Start of Block

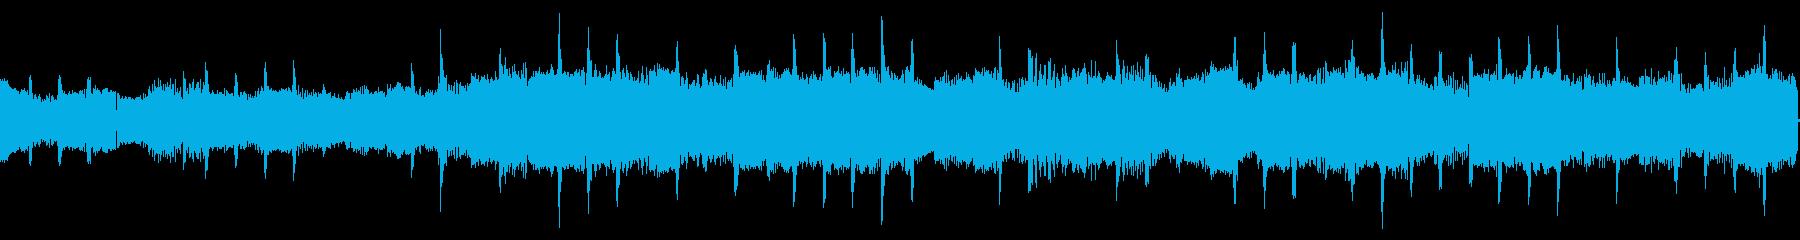 コンピューター音の再生済みの波形
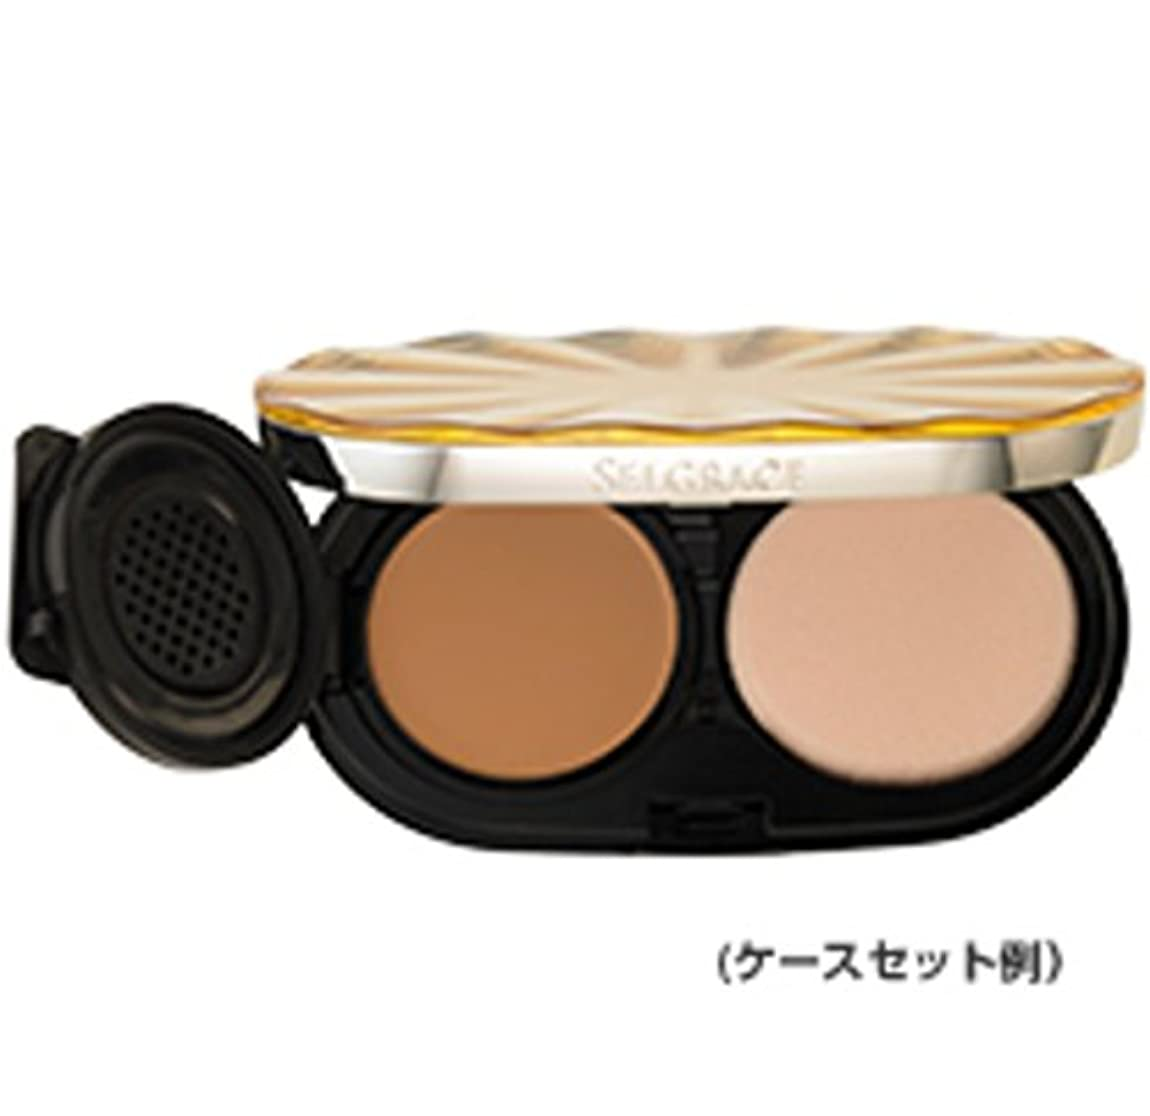 線子猫取り出すナリス化粧品 セルグレース ベースインパクト ファンデーション 130 ライトピンクベージュ レフィル (スポンジ付き)
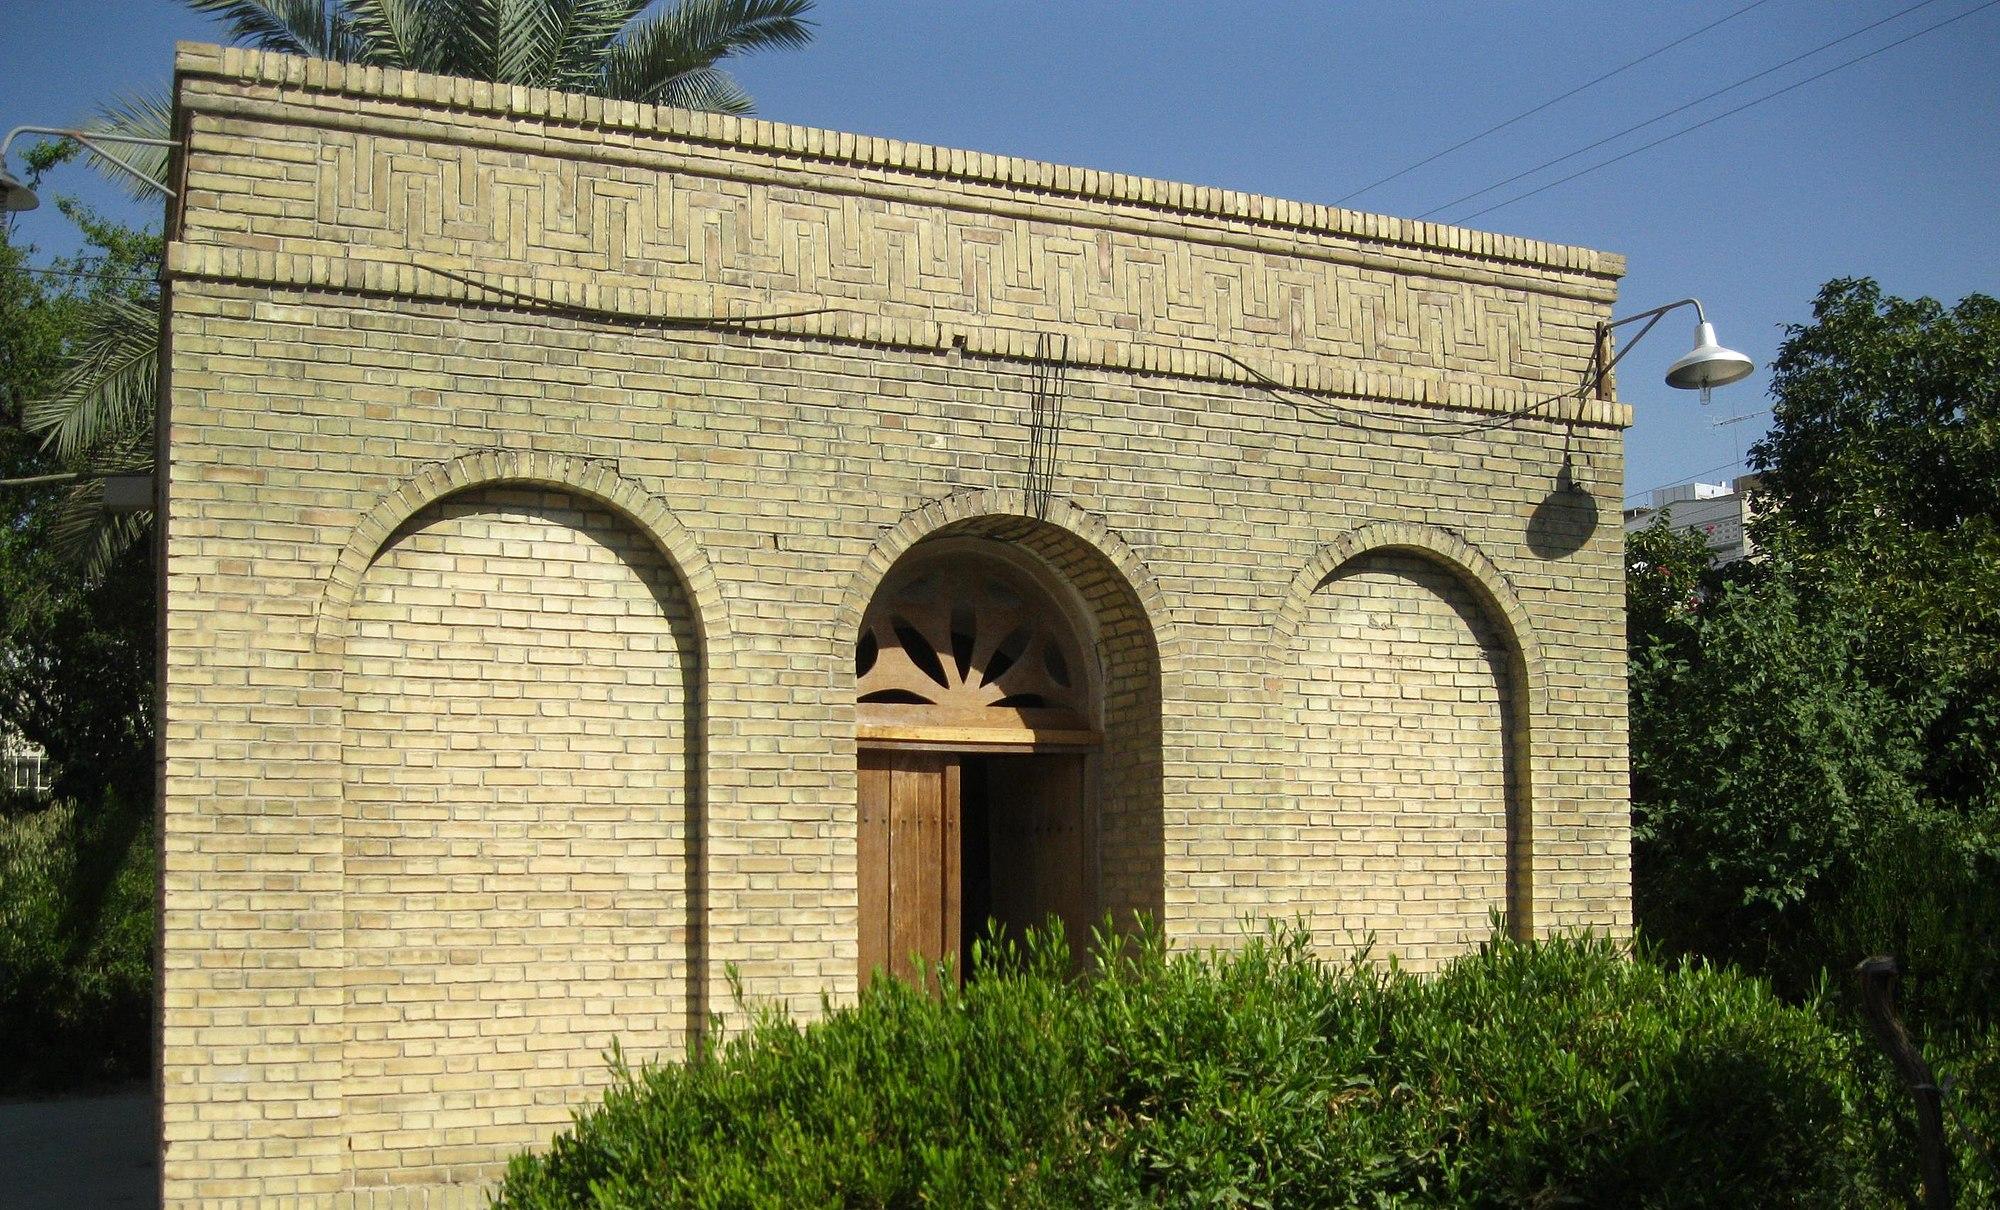 آرامگاه و خانقاه شیخ ابواسحق
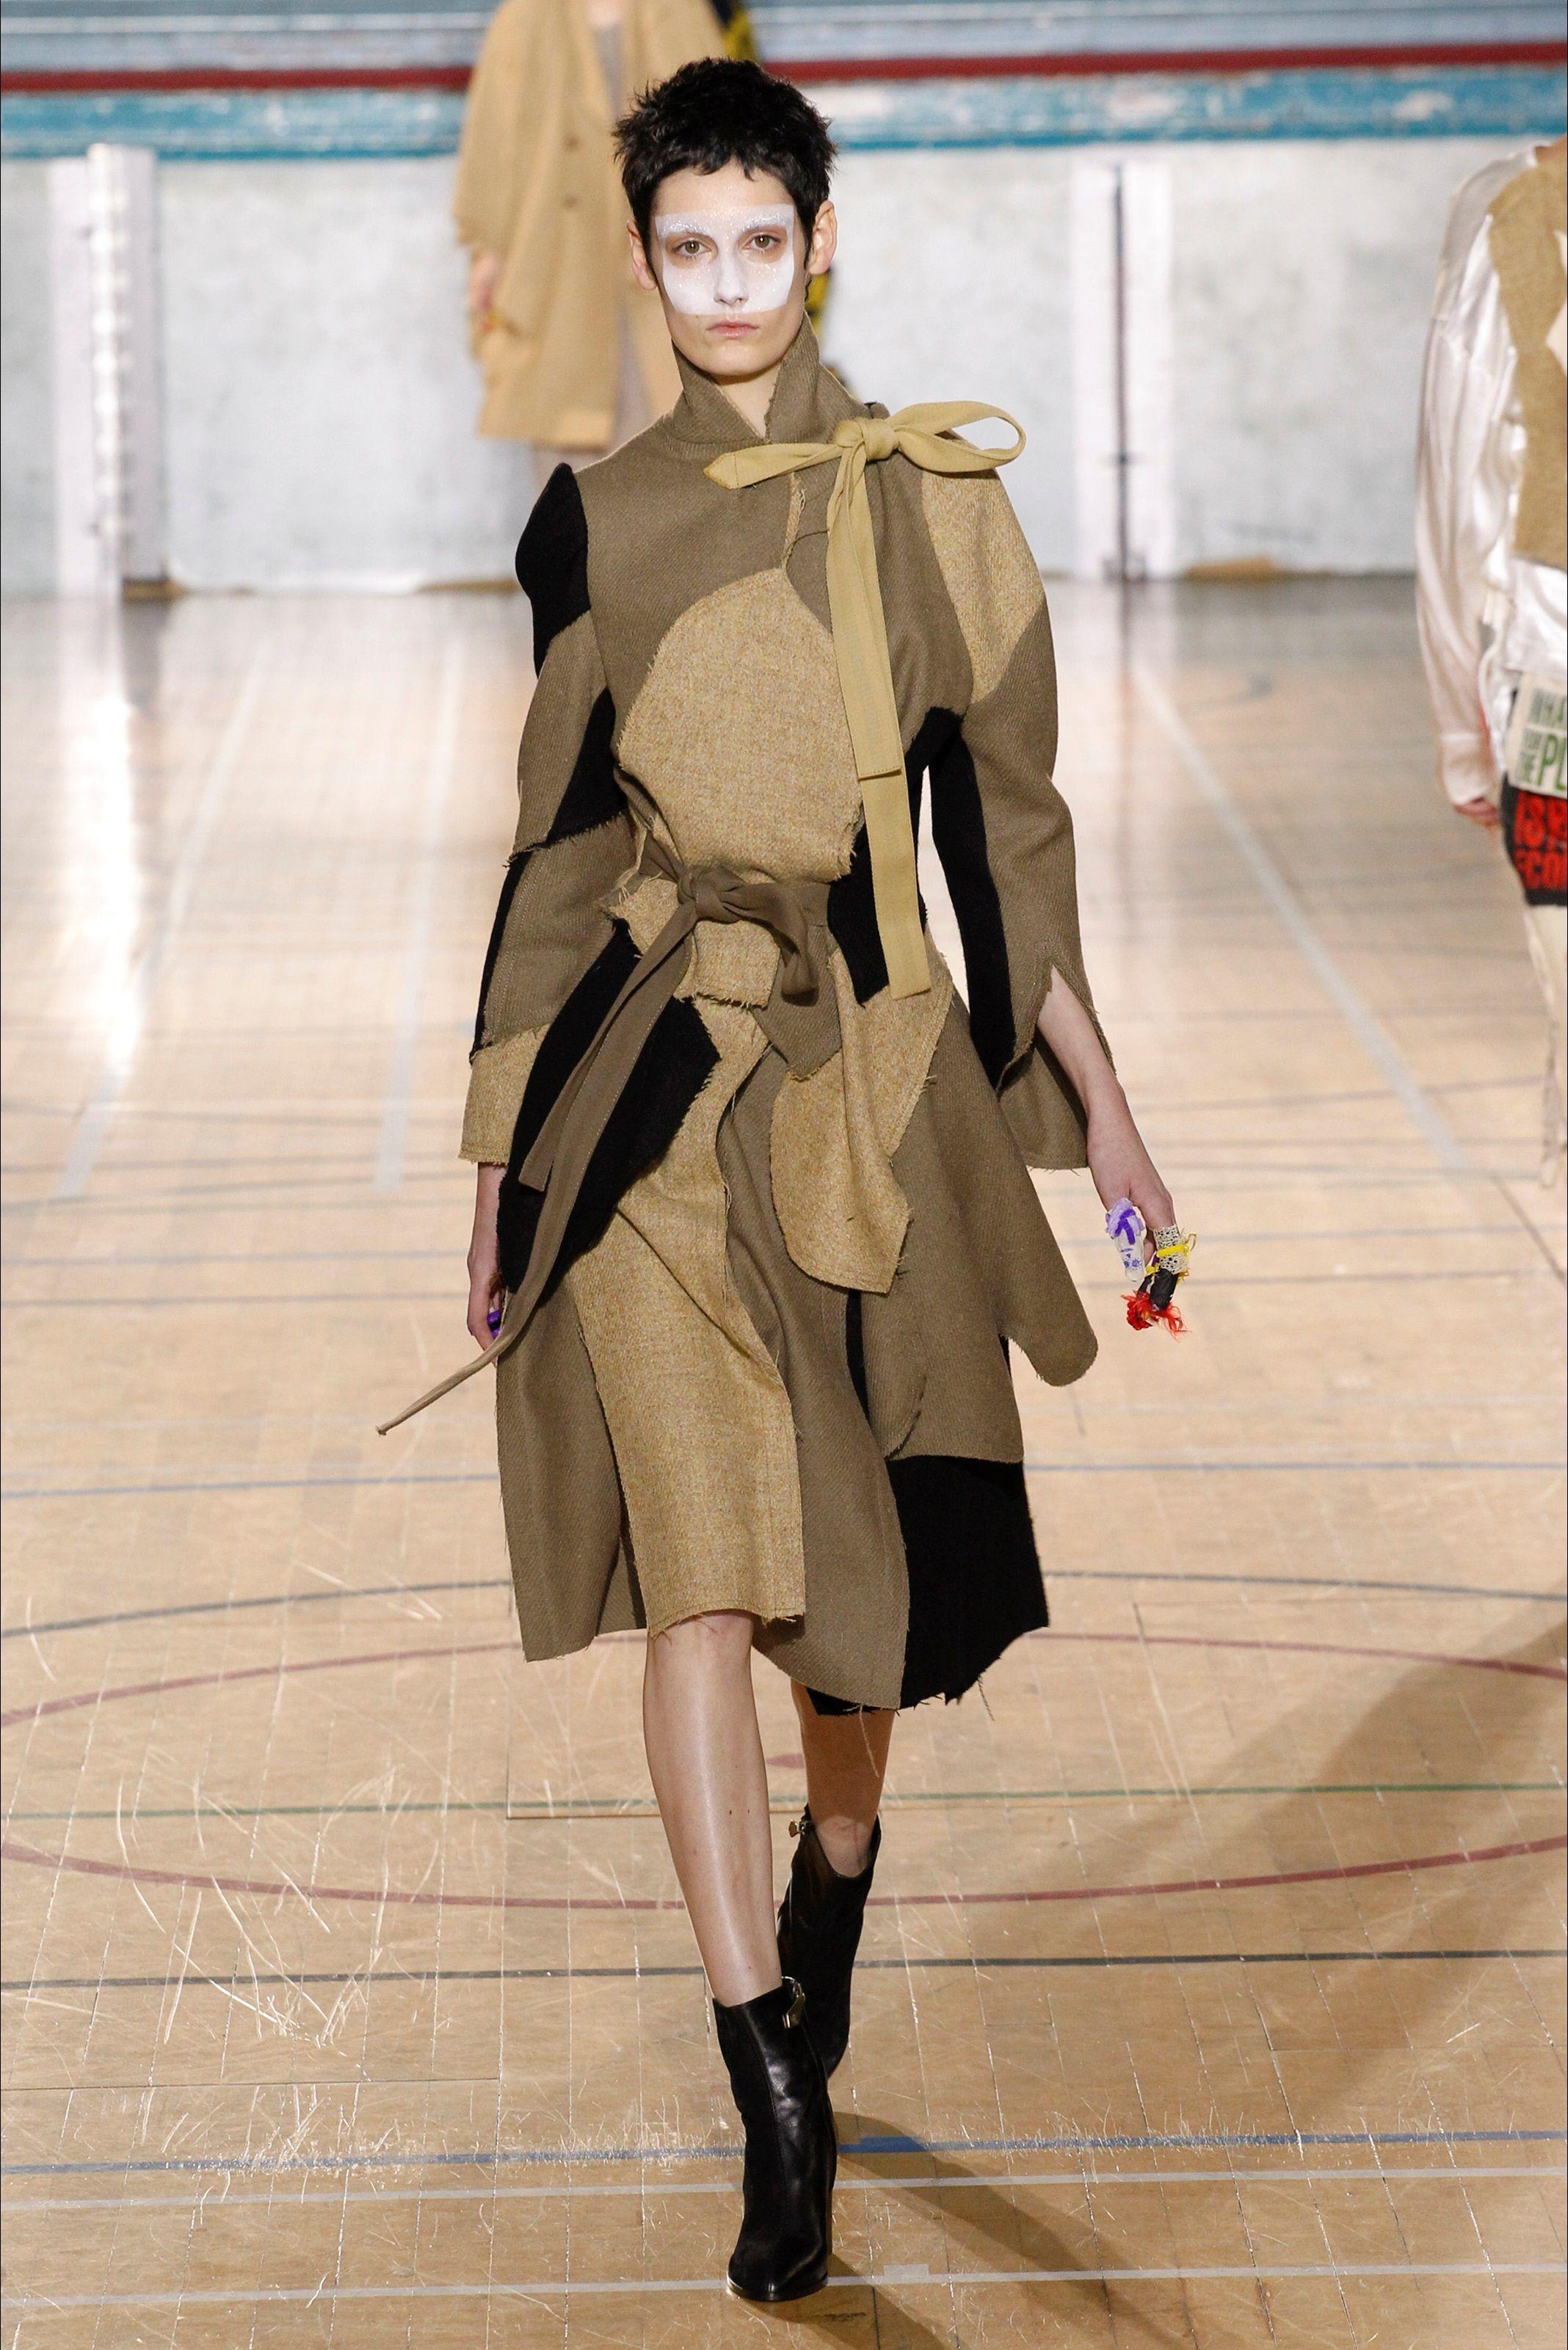 Guarda la sfilata di moda Vivienne Westwood a Londra e scopri la collezione di abiti e accessori per la stagione Collezioni Autunno Inverno 2017-18.

End of Block

• [Task goal]: An unchanged copy of the data, images excluded, is all that should be given.

• [Result of this task]:
 コンピューター音の再生済みの波形
 線子猫取り出すナリス化粧品 セルグレース ベースインパクト ファンデーション 130 ライトピンクベージュ レフィル (スポンジ付き)
 آرامگاه و خانقاه شیخ ابواسحق
 Guarda la sfilata di moda Vivienne Westwood a Londra e scopri la collezione di abiti e accessori per la stagione Collezioni Autunno Inverno 2017-18.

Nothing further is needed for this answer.